THE TASK: Using the records below, write out only the lines from the line containing "About Sydney Build Expo 2020" up to and including the line containing "Property for sale", exactly, with no pictures.

DATA PROVIDED:
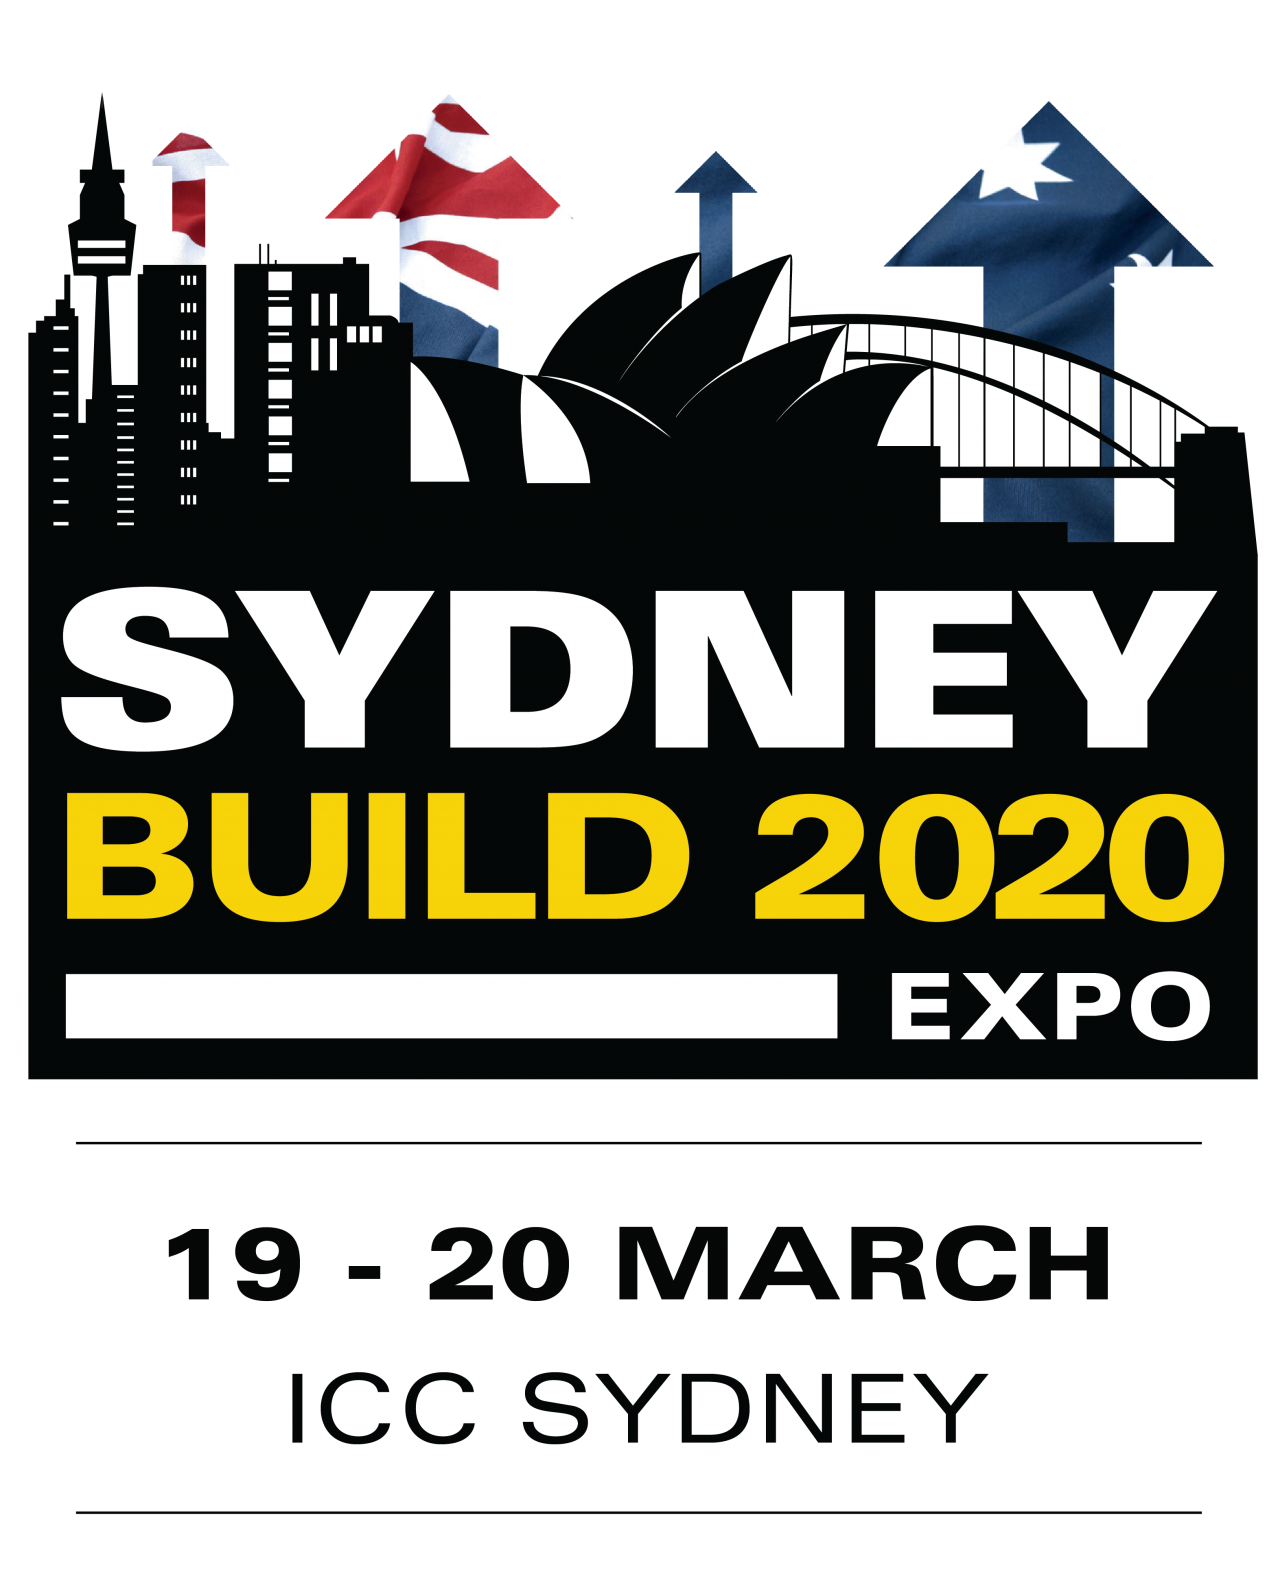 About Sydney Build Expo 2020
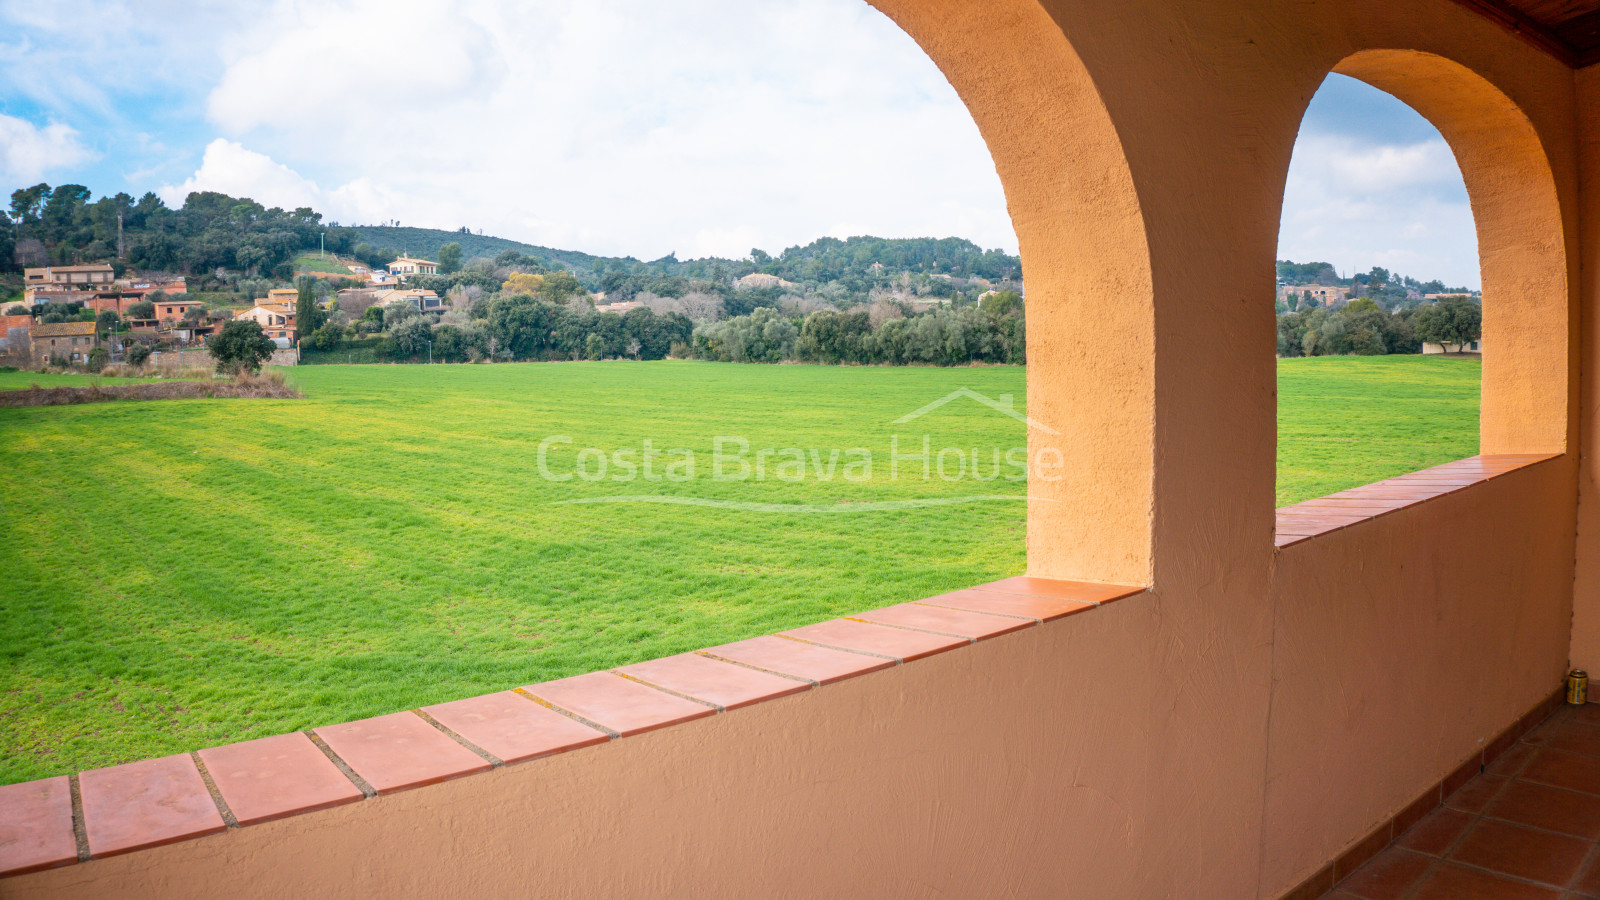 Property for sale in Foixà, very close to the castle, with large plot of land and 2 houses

---

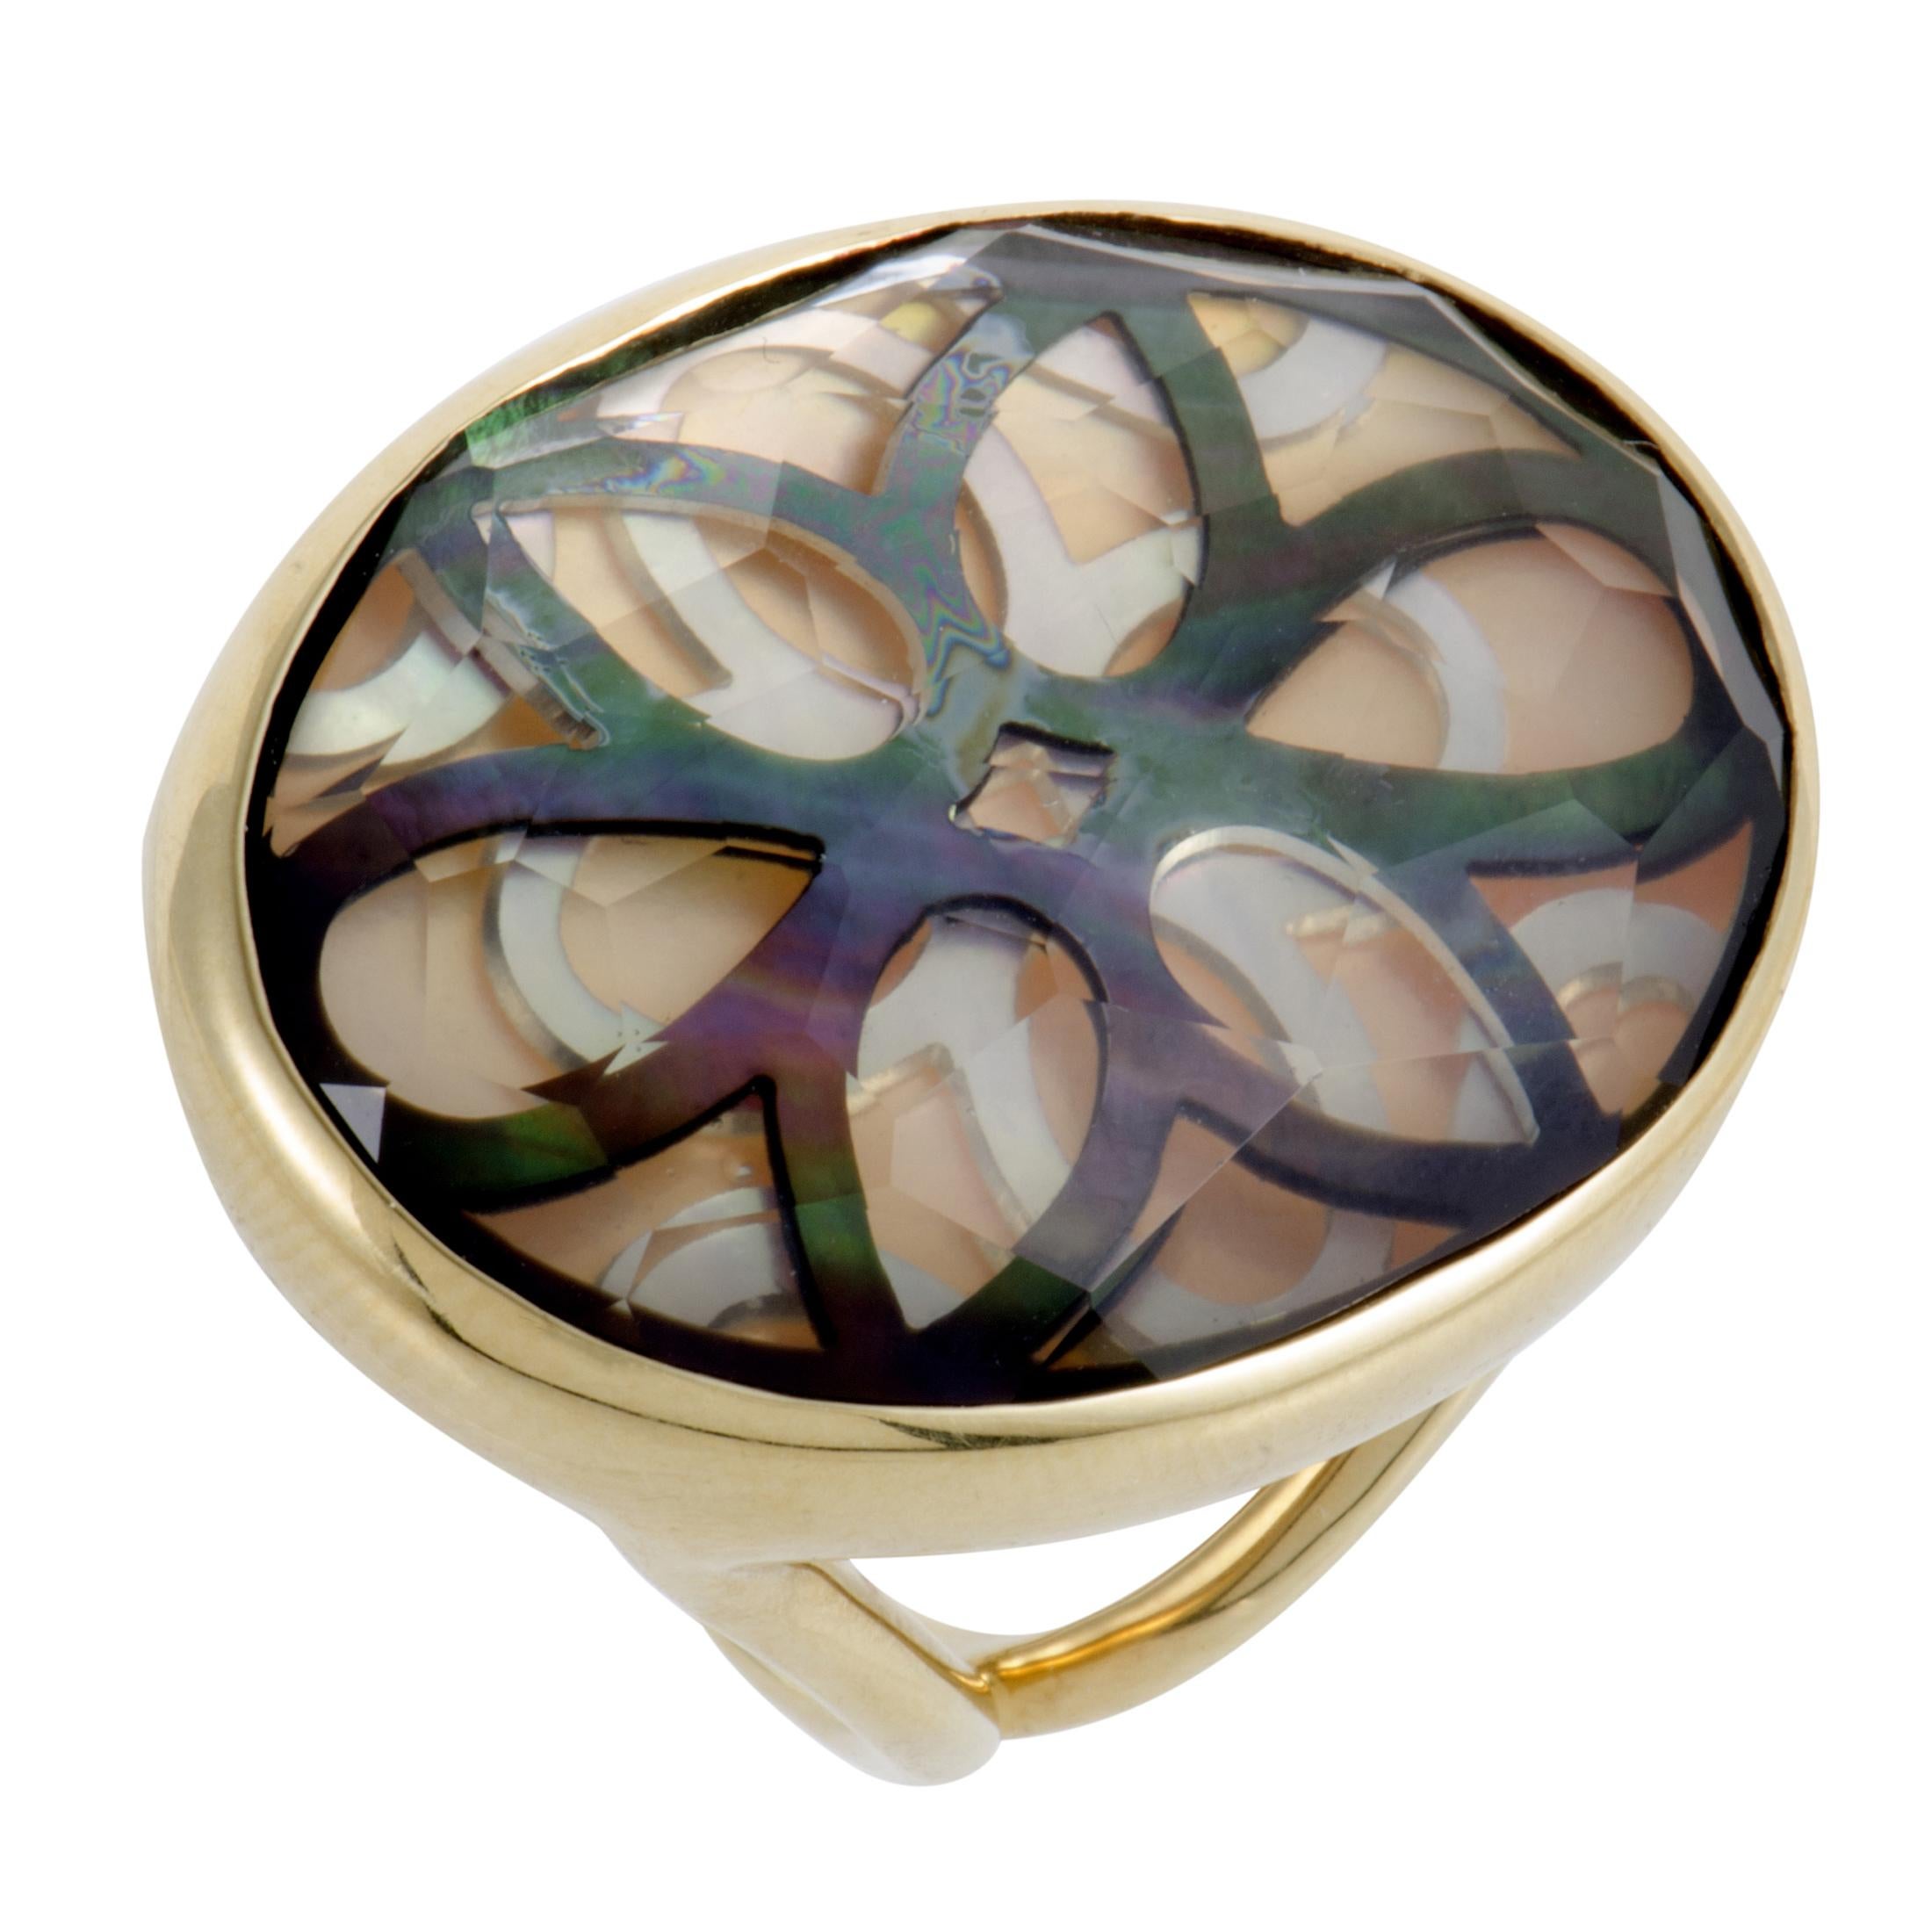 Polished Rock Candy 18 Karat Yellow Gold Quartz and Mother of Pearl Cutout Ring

FINISHED TASK:
 About Sydney Build Expo 2020
 Property for sale in Foixà, very close to the castle, with large plot of land and 2 houses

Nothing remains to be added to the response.